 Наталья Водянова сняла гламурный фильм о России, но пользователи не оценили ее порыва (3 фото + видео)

-*-*-

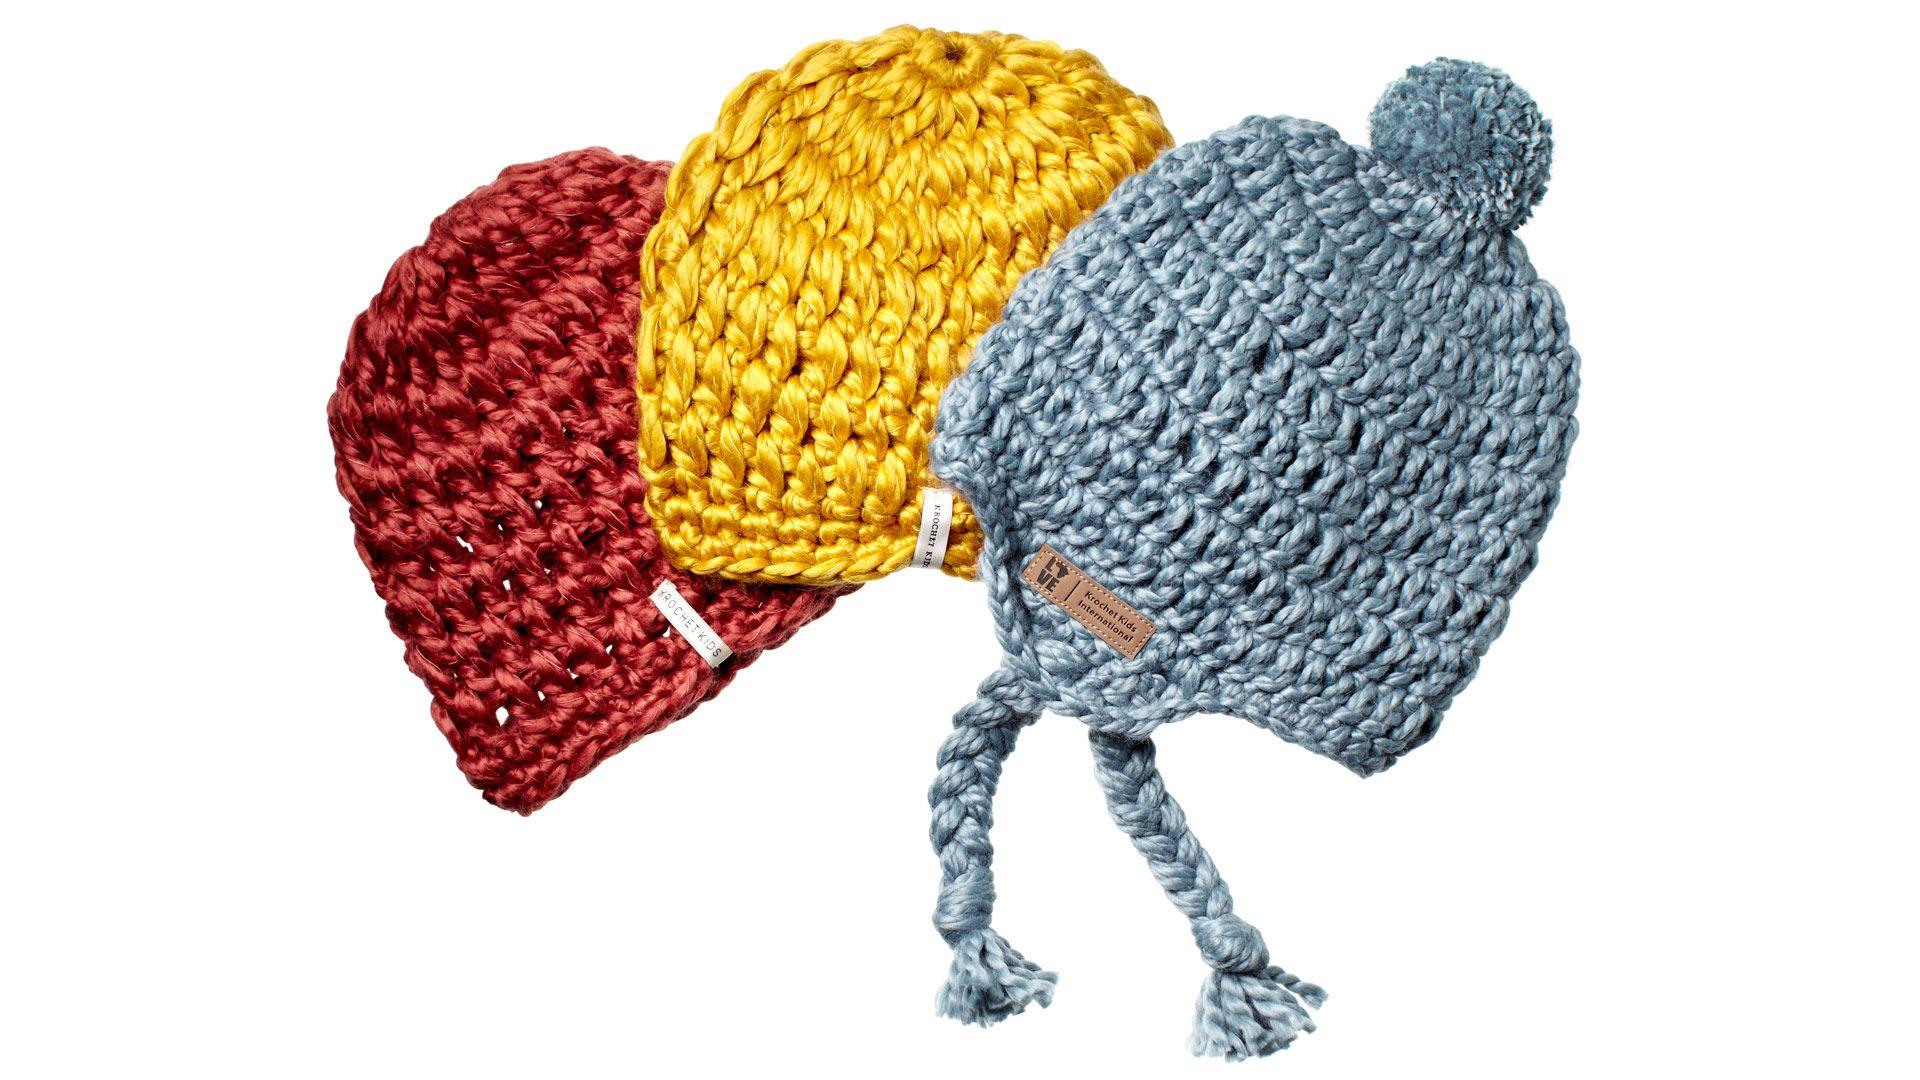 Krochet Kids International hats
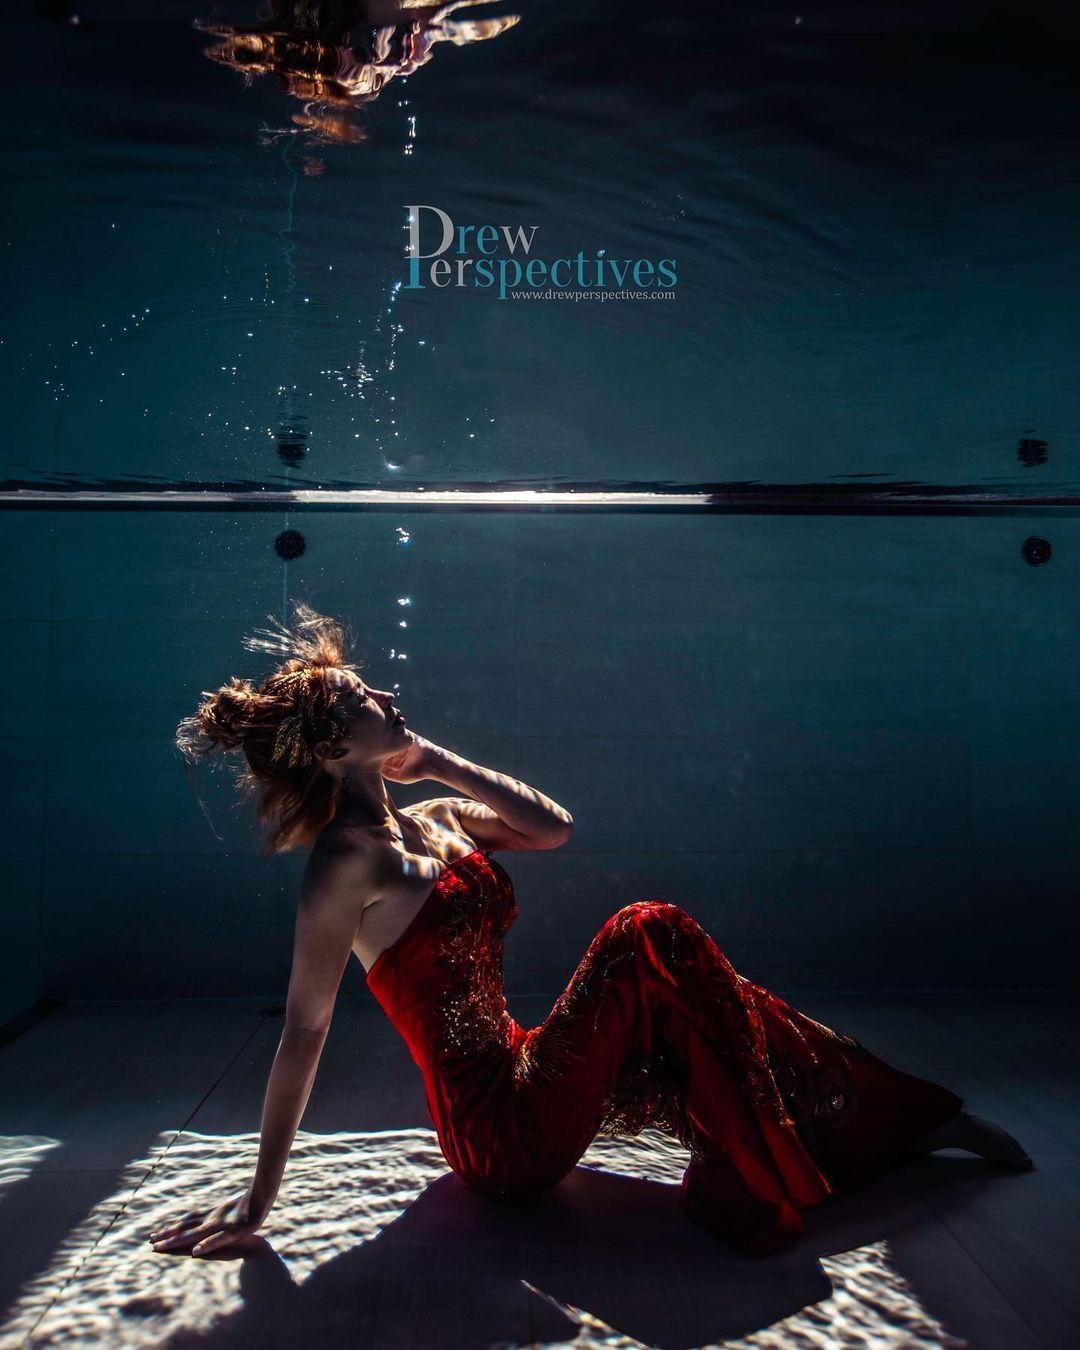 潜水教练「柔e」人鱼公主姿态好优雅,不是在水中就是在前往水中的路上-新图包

-*-*-

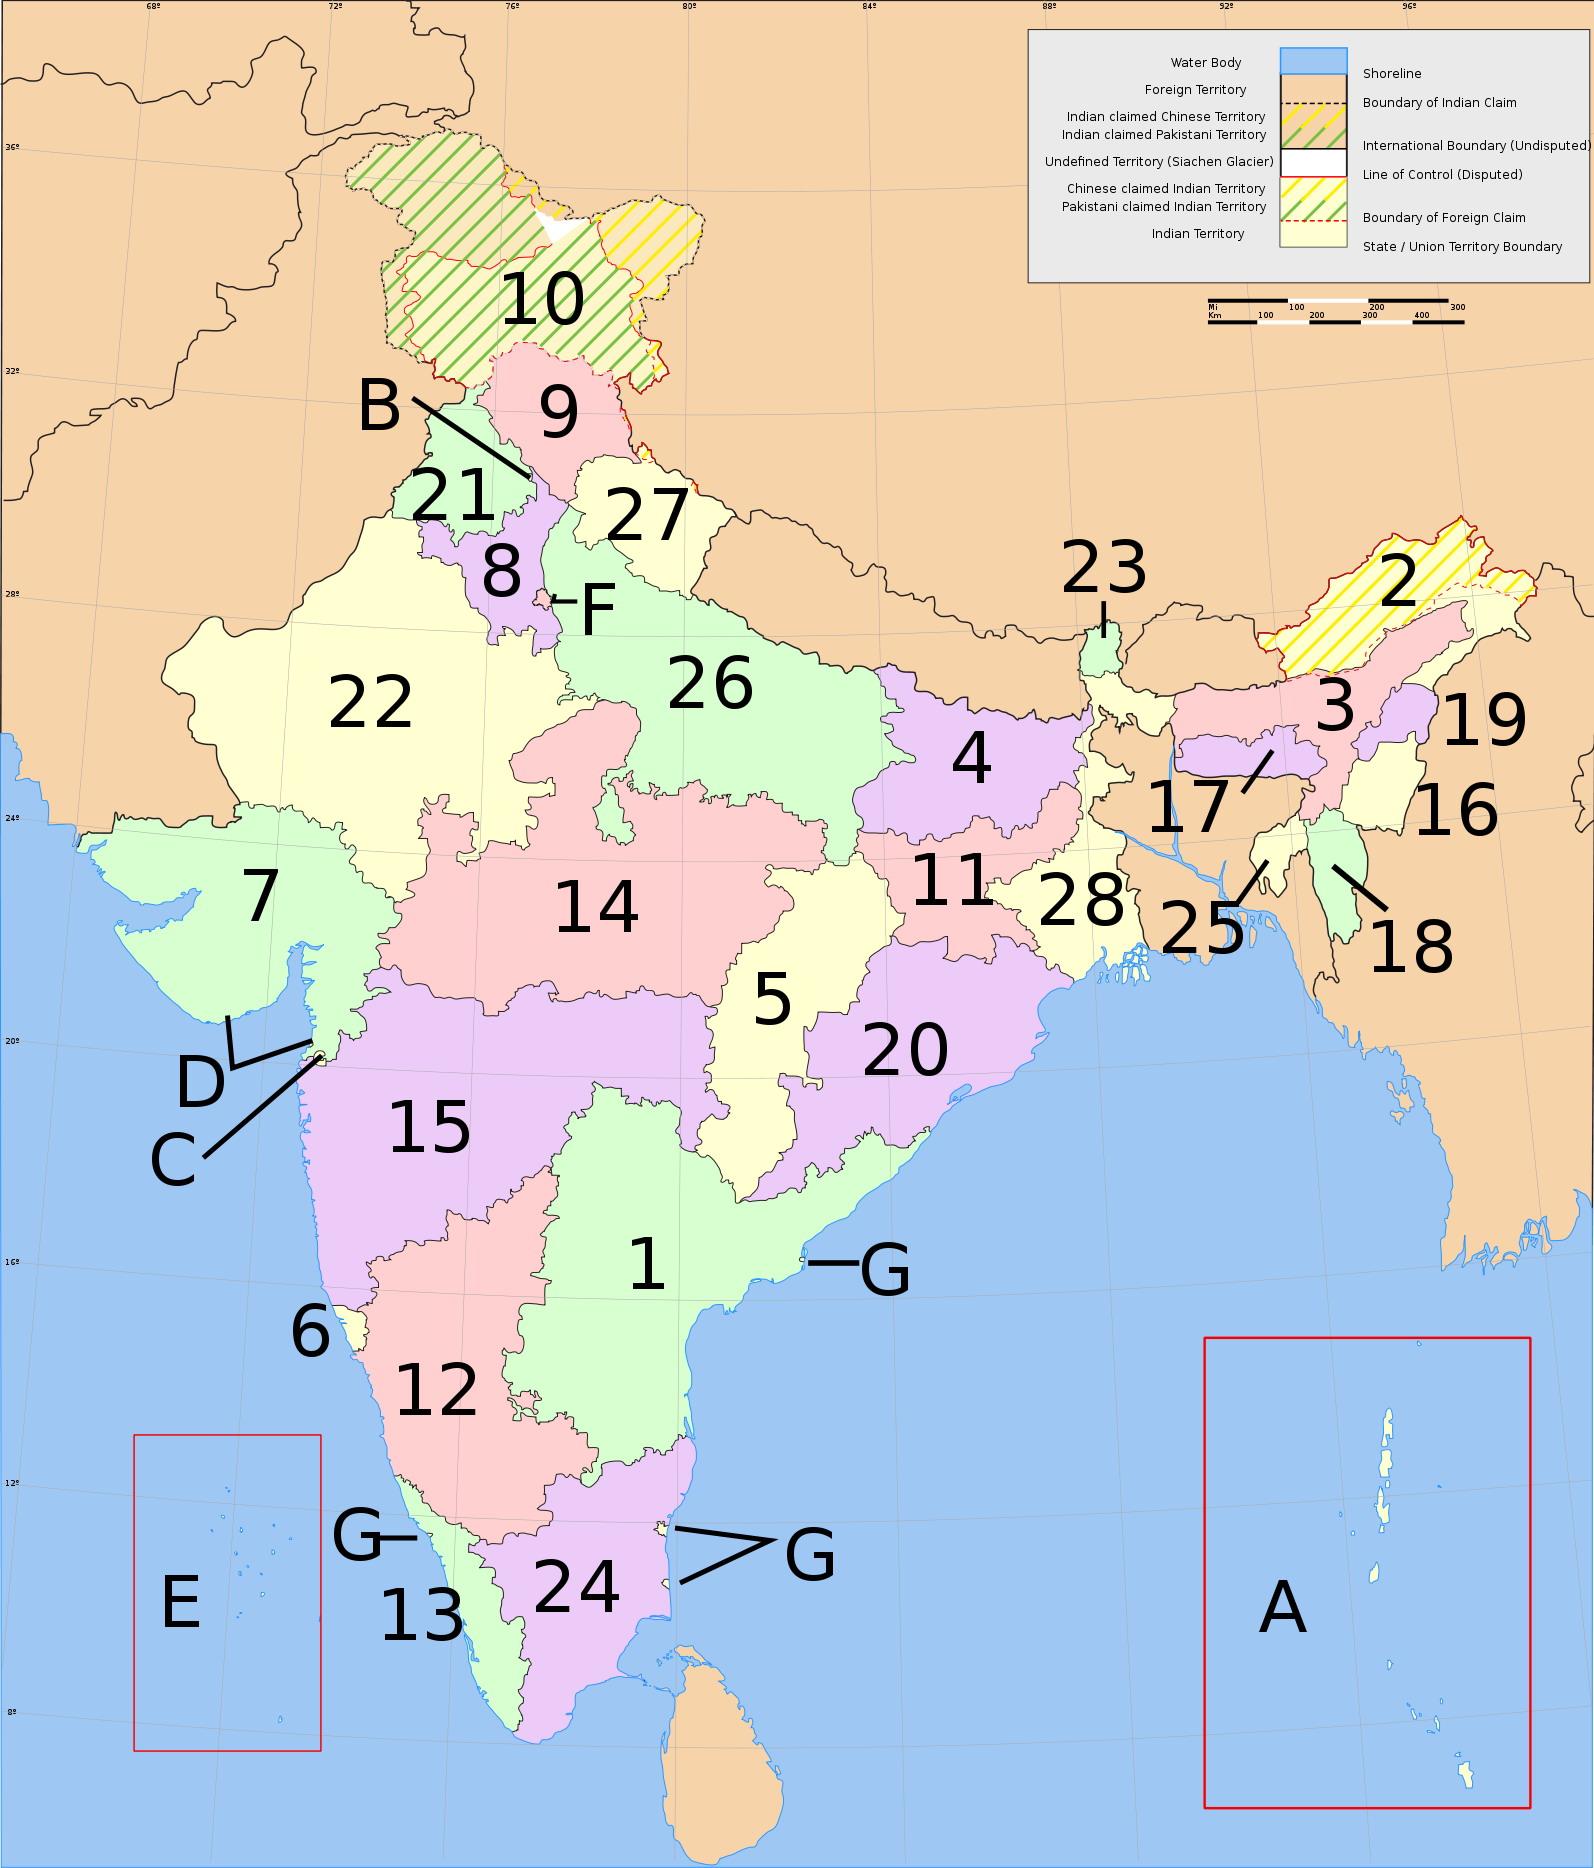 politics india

-*-*-

| Problem statement |
I'd like the lines above repeated exactly, from the one that contains "Krochet Kids International hats" through the one that contains "潜水教练「柔e」人鱼公主姿态好优雅,不是在水中就是在前往水中的路上-新图包", with no pictures.

| Response to the task |
 Krochet Kids International hats
 潜水教练「柔e」人鱼公主姿态好优雅,不是在水中就是在前往水中的路上-新图包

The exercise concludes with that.